15 thoughts on “Comment Of The Day (5!): “An Ethics Alarms Holiday Challenge! Identify The Rationalizations, Logical Fallacies, Falsehoods And Outright Errors In This Essay…”

  1. I’m of the belief to call somebody a racist is generally a ploy to silence them when a person notices bad or unethical behavior with an individual or group and calls them on that. It is Stalinist or Fascist at it’s core! The same for most accusations of hate speech. It is an unethical weapon and campus administrators along with progressive legislators are all quite willing to write into law and university regulations.

    • I agree! There are a few phrases currently used as instant conversation stoppers. Another common one is ‘Check your privilege’.

      • I’ve never had to use it, but my prepared retort to that is to ask someone if they’d like to check their baggage.

        Apropos of little, that picture raises two questions for me:

        1. If I were to tell that girl that I hated her, does she think she would die?
        2. Is that a very poorly drawn peace symbol, or a less poorly drawn X-Men logo?

        • Ha.

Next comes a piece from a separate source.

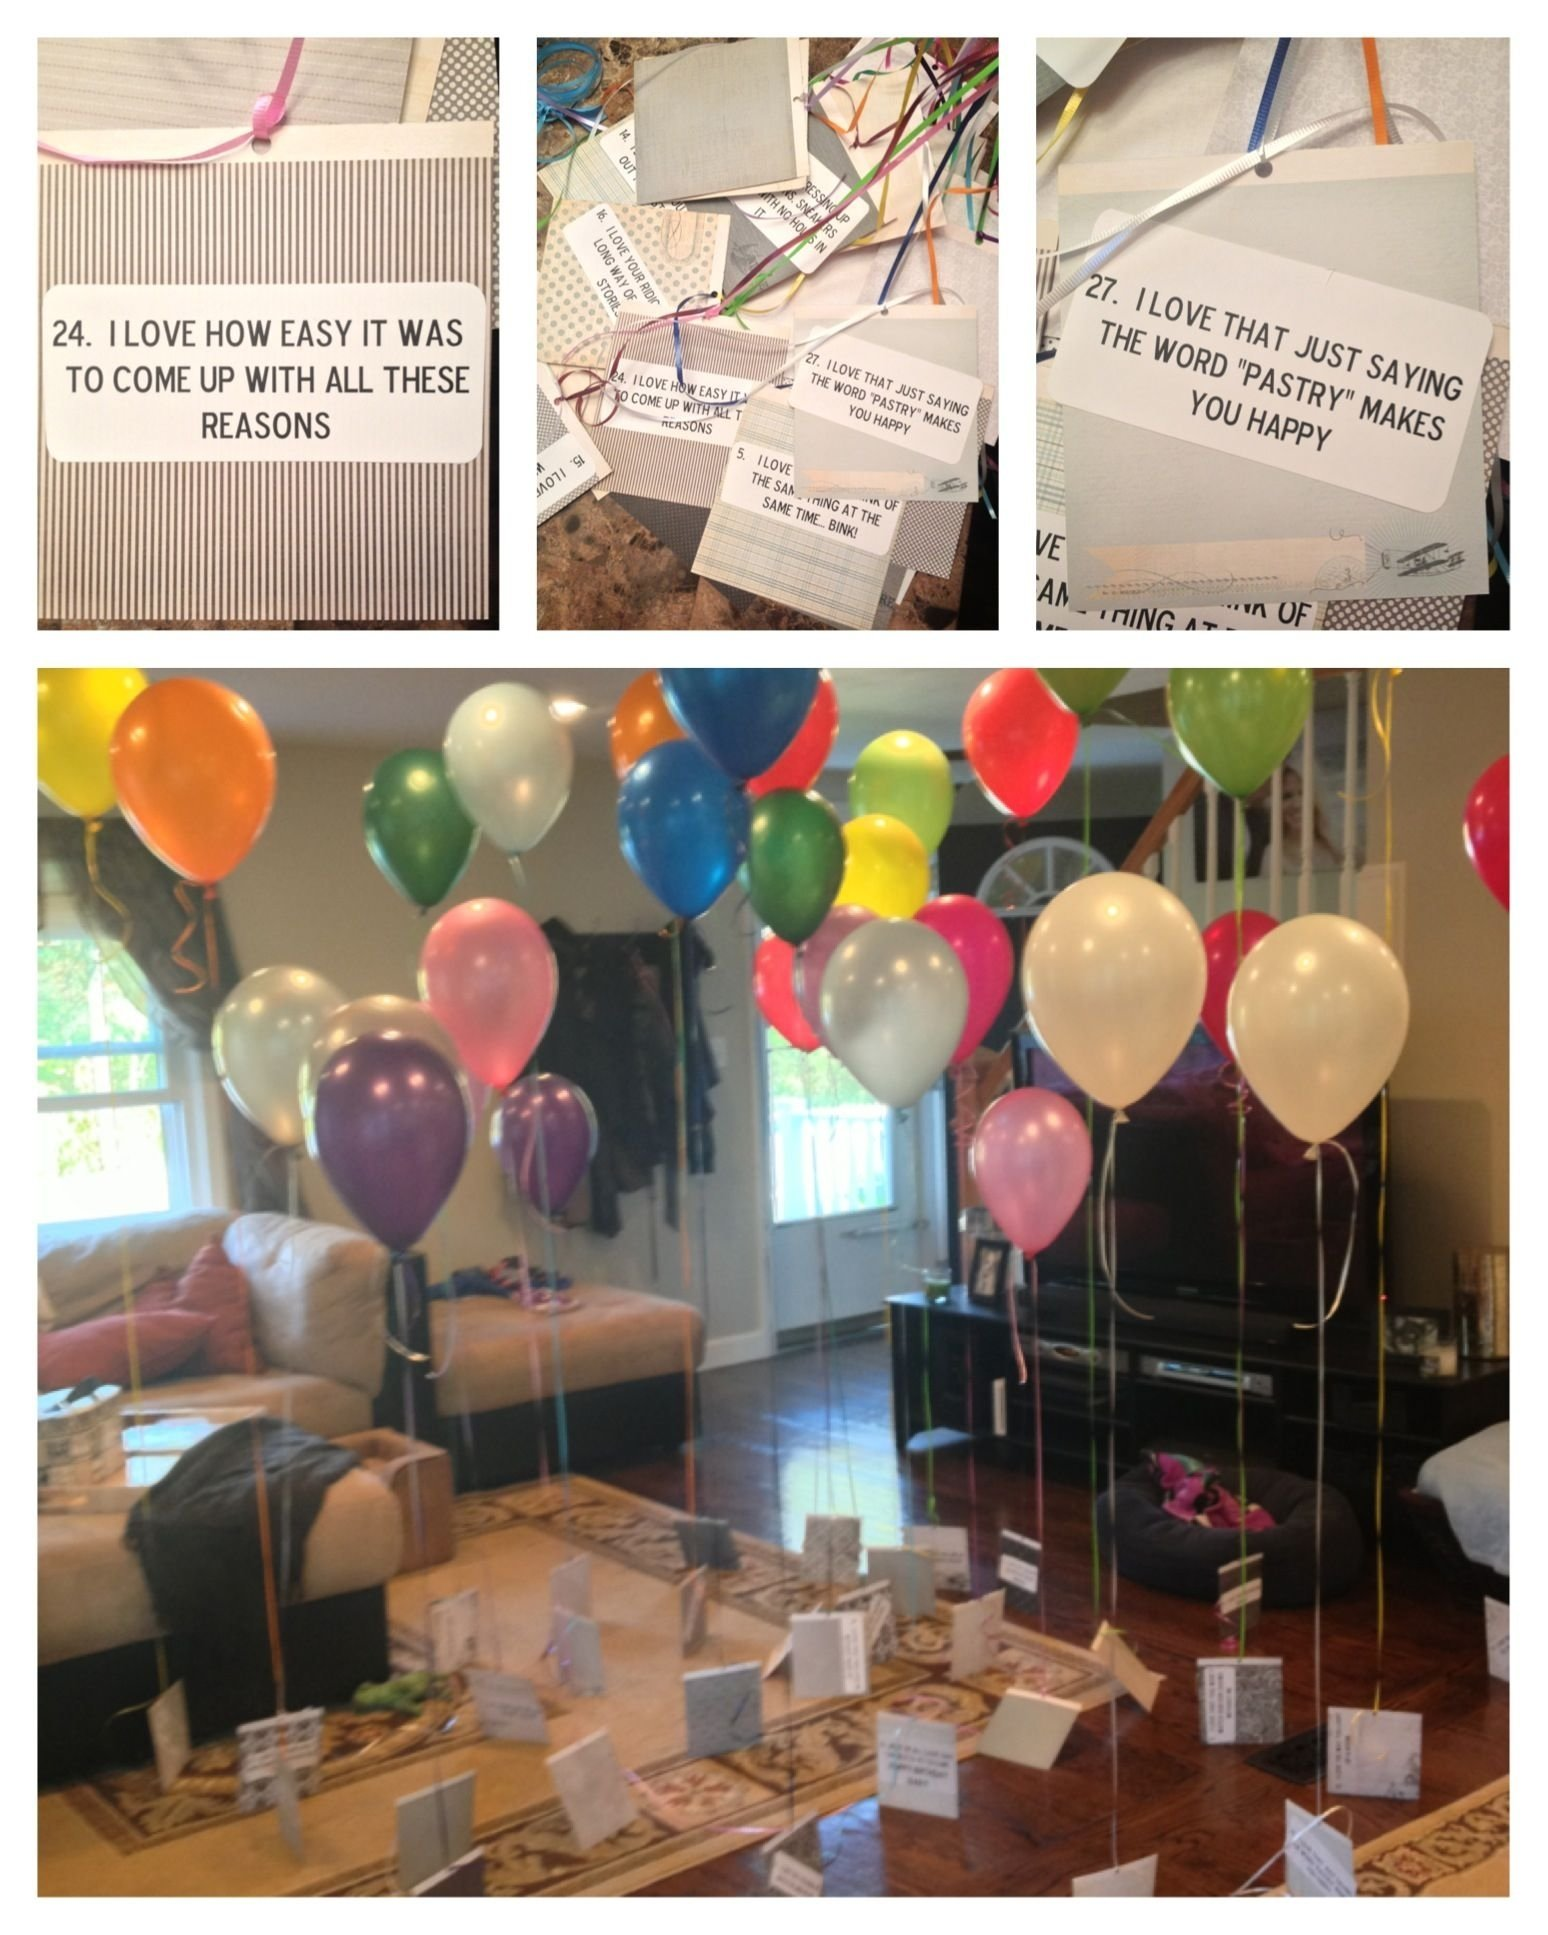 10 Nice Fun Birthday Ideas For Husband 31 Reasons Why I Love You My Husbands
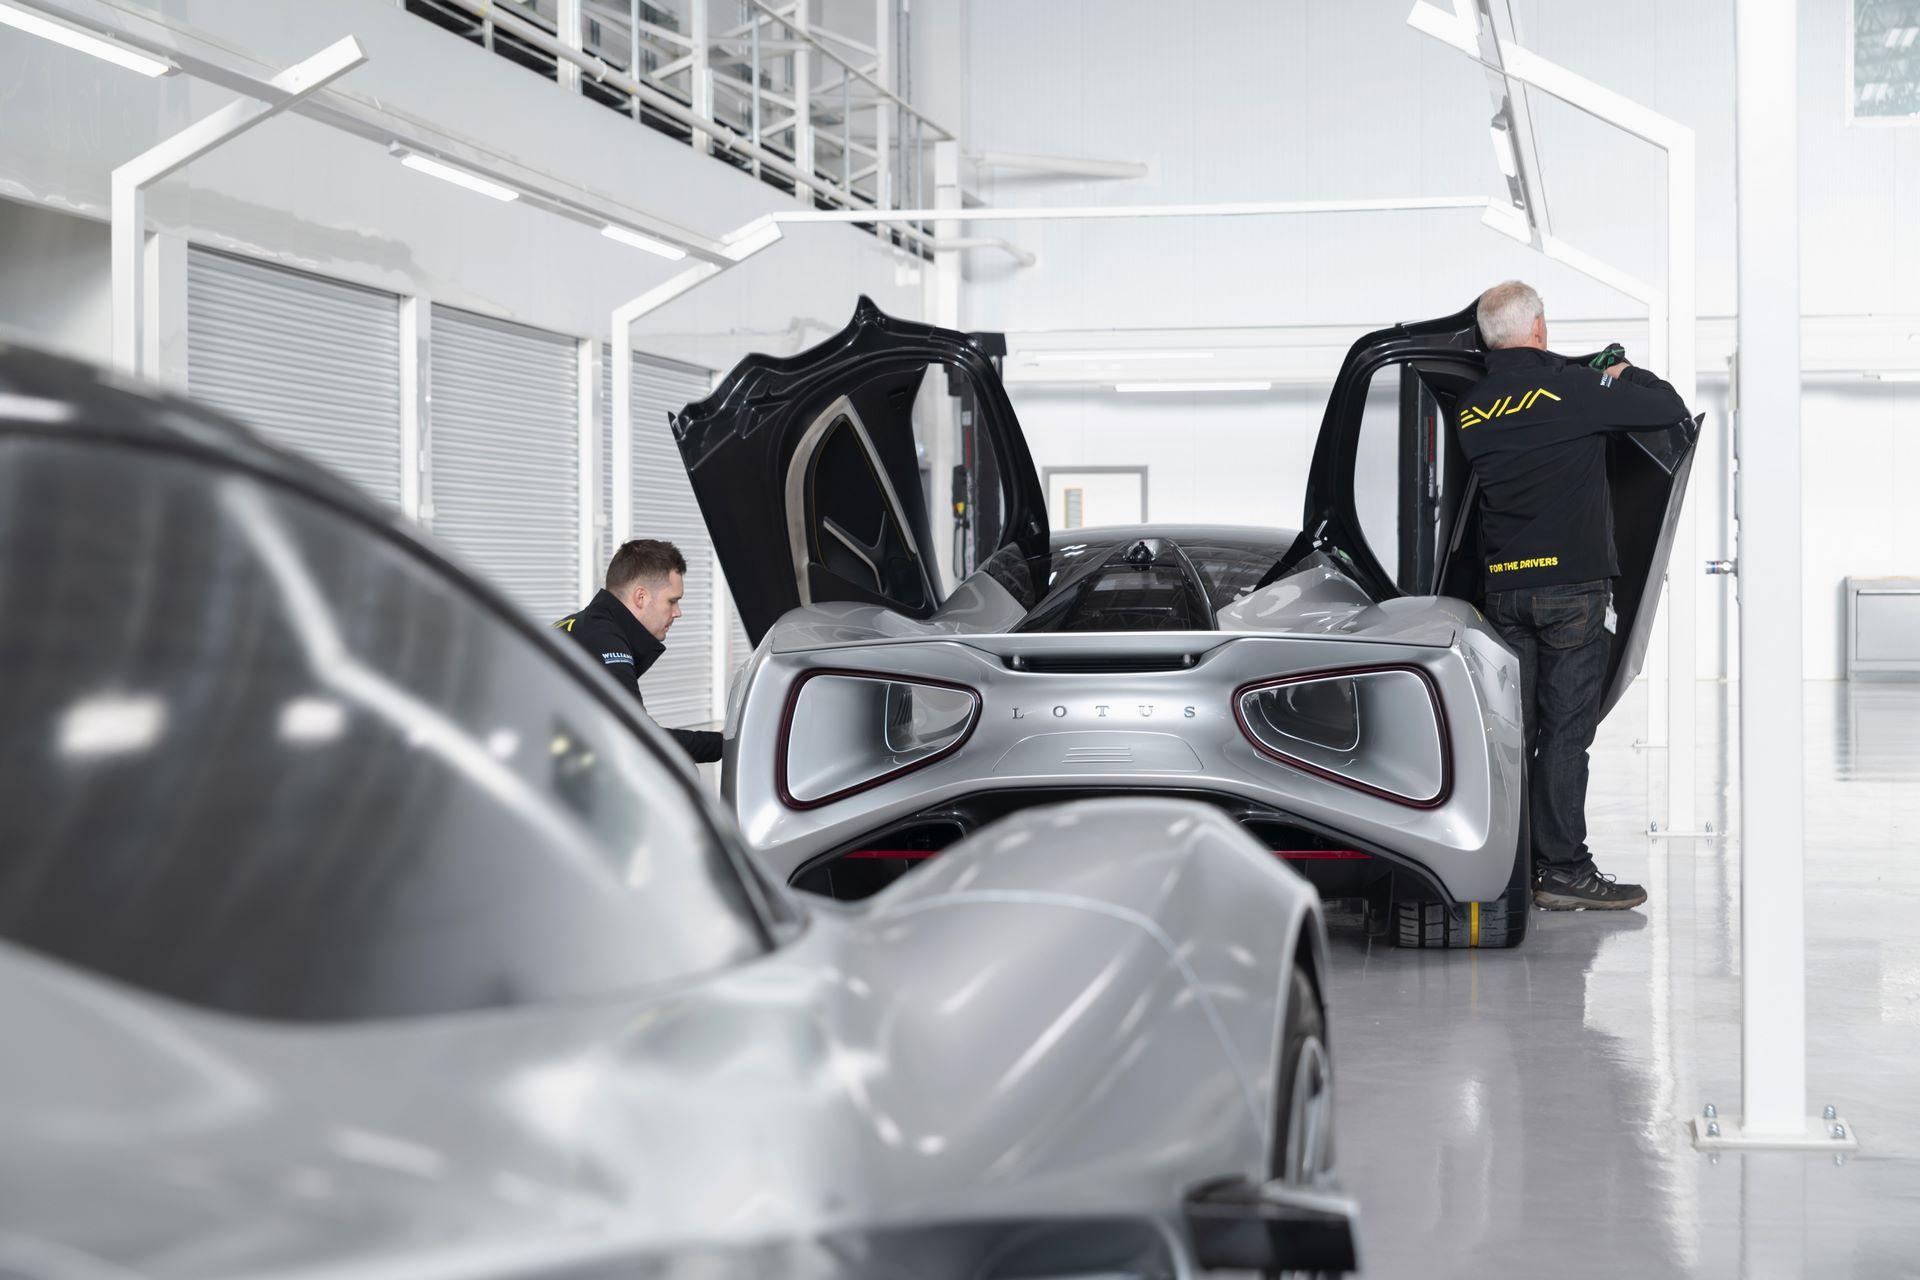 Lotus-Evija-Assembly-Hall_plant-factory-1

A good third question would be whether she would find persuasive a poster that says “Embryos = Babies.” Since she seems to believe in the idea that one thing sometimes leading to another is the same as both things being equivalent.

    • A companion bit of illogic to the misapplied “racist” tag (or any other unwarranted accusation) is KAFKATRAPPING , a term with which I was unfamiliar until my son described it to me about a year ago. Others of you may not have been as ignorant of this, as I was, but I find being able to employ the term a useful tool to brush aside a bogus attack, rather than getting bogged down in (usually uselessly) trying to refute your attacker as if his claim against you possibly were worth debating. It’s also interesting to note that a version of the Kafkatrapping trick encompasses the “check your privilege” gambit.

      • Thanks for linking to that! I hadn’t heard of that before, but I’ve encountered the phenomenon, where a person simply doesn’t trust that someone else disagrees due to a genuinely different perspective (as opposed to selfish denial). It makes me wonder what their objective is, because if they aren’t intending to learn from me, and they don’t expect me to learn from them, then why do they expect me to listen to them?

      • I’ve always been a fan (well, mostly) of ESR since the 1990’s and his Cathedral and Bazaar work and open source advocacy. I adopted Linux as my primary operating system back in the mid 1990’s, no small feat considering the state of the software at that point in time.

        Anyway, ESR is still doing good essay work on his blog. This one is an excellent examination of the reasons we should not support the current craze to destroy Confederate statuary.

  2. If the purpose of hate speech is to protect people’s feelings, then why protect the feelings of these marginalized peoples, instead of, say, the Stormfront White Nationalist Community.

    Here is an article by Stanislav Vysotsky.

    http://inthesetimes.com/article/20427/false-equivalency-white-supremacist-nazis-fascists-antifa-Charlottesville

    For antifascists, violence is self-defense, because the far-right movements constitute direct threats to their existence and safety, as well as the existence and safety of their communities.

    David Duke could have written that violence by white supremacists is self-defense against White Genocide®™.